Coffee filter

The fruit of a Sunday Kaffeeklatsch

Melitta Liebscher (Dresden, January 31, 1873 – Minden, June 29, 1950)

Melitta Liebscher was born in 1873 in Dresden. She was married to Hugo Bentz, manager of a local department store, and had two sons, one aged nine and one aged four.

On a Sunday afternoon in early 1908, together with some friends during the 'Kaffeeklatsch', she came up with the idea of banning the coffee grounds from her favorite drink.

In those days, coffee was still brewed the Turkish way, with the coffee grounds in the cup, as it is today in some countries around the Mediterranean. Melitta took a tin can, made a number of holes in the bottom, cut a suitable circle out of her sons' sheet of blotting paper, scooped up some freshly ground coffee and thus invented the first paper coffee filter. Melitta tested the idea at the coffee party and it was very popular.

The process could not be called ideal, if only because the dense blotting paper allowed the coffee to seep through very slowly.

Melitta went in search of types of paper that were more suitable for filtering, she had the can technically improved and made of brass and she set the height at 13 centimetres: the original filter was ready, time to apply for a patent.

Women's names are rare in the patent books of the Imperial Patent Office in Berlin. On the date of July 8, 1908, 'Melitta Bentz, born Liebscher' stands out among all those men's names.

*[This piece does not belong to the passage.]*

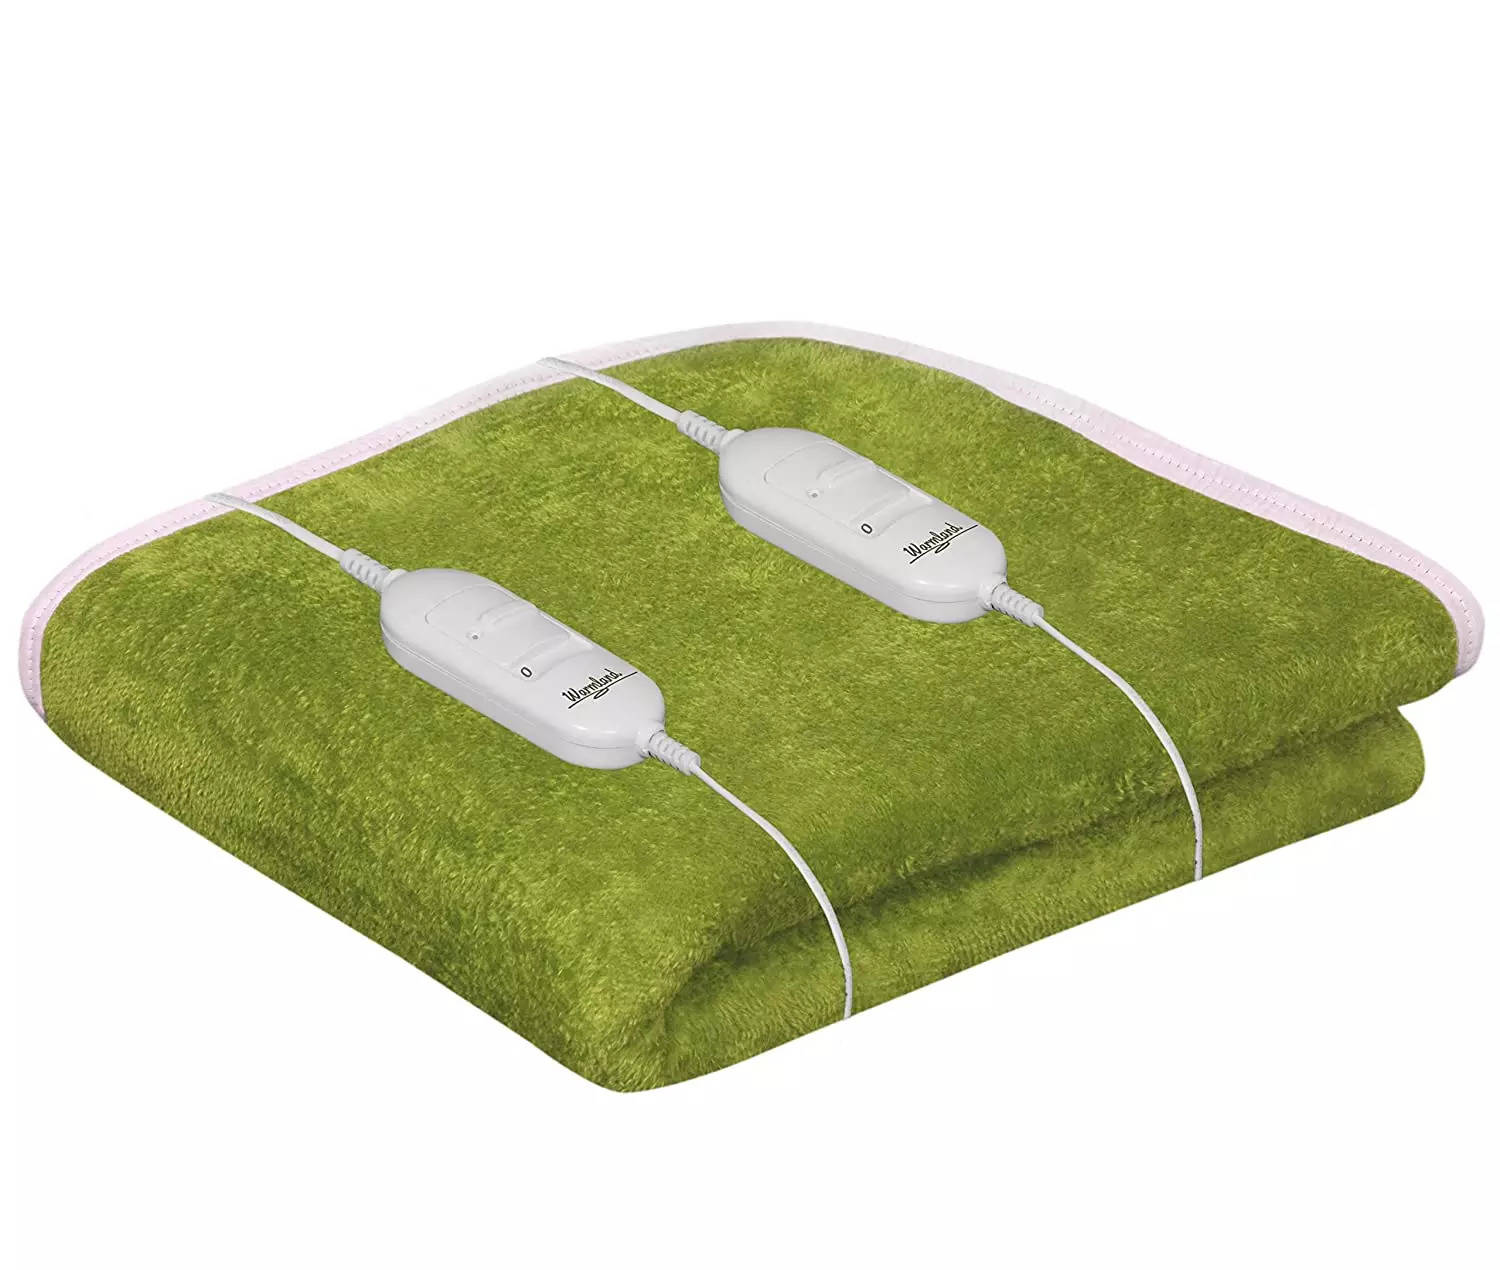 electric blankets for double bed: Best Electric Blankets for Double Bed -  The Economic Times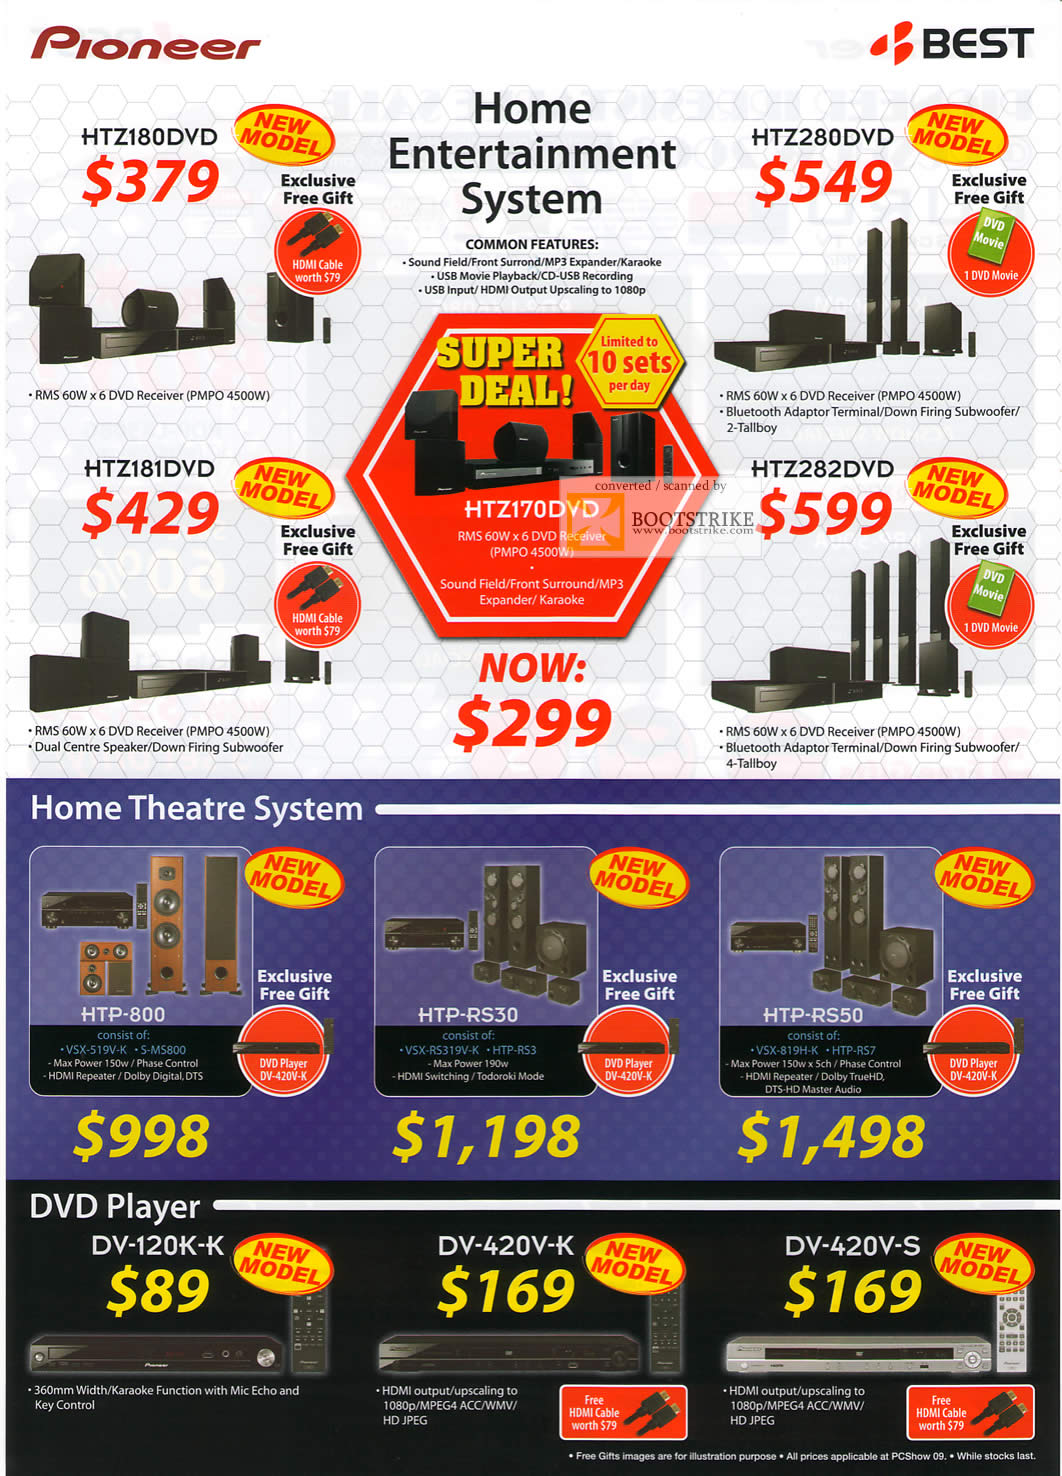 PC Show 2009 price list image brochure of Pioneer Home Theatre Entertainment System DVD Player

The then 35-year-old housewife received a patent for 'a coffee filter that works with filter paper', according to the text, 'with a curved bottom and with obliquely directed through-holes.'

A few months later, she set up her company in a small room measuring two by four metres. Her husband gave up his job to cooperate. Over the next twenty years, the family would be in constant need of money, often because the business grew too quickly.

A typical working day at the Bentz family began at five in the morning and rarely ended before midnight. Many nights, husband and wife continued to work to complete all orders. And according to family history, it was only during the weekend that the real weeping took place.

Father Bentz packed and shipped the filter leaves himself.

He wrote the bills himself and handled all the correspondence, supported by Melitta, who also took care of the household. He straightened every bent nail Bentz found in an incoming shipment.

He collected ends of rope to tie them together into a more convenient piece. For the first five years, they didn't even have the money to buy a typewriter. Hugo Bentz and his children delivered the orders with a handcart in the city.

The First World War paralyzed the company. Father and son had to do military service to fight in Belgium. In 1919 they started from scratch again. In 1927 they bought their first car, a second-hand Audi that broke down after every hundred kilometers. That year, the couple, aged 54, made their first tourist trip, to the Rhine.

When she turned 63, Melitta patented the filter bag with a conical shape, the shape most familiar today. At the outbreak of the Second World War, she employed more than a thousand people. Afterwards, the company rose from its ashes for the second time.

Until the last day of her life, the elderly Melitta remained the driving force of the family business. She died in 1950, aged 77. Nutrition researchers in Rotterdam discovered in 1991 that the paper filter removes fatty acids and cholesterol-raising elements from the coffee.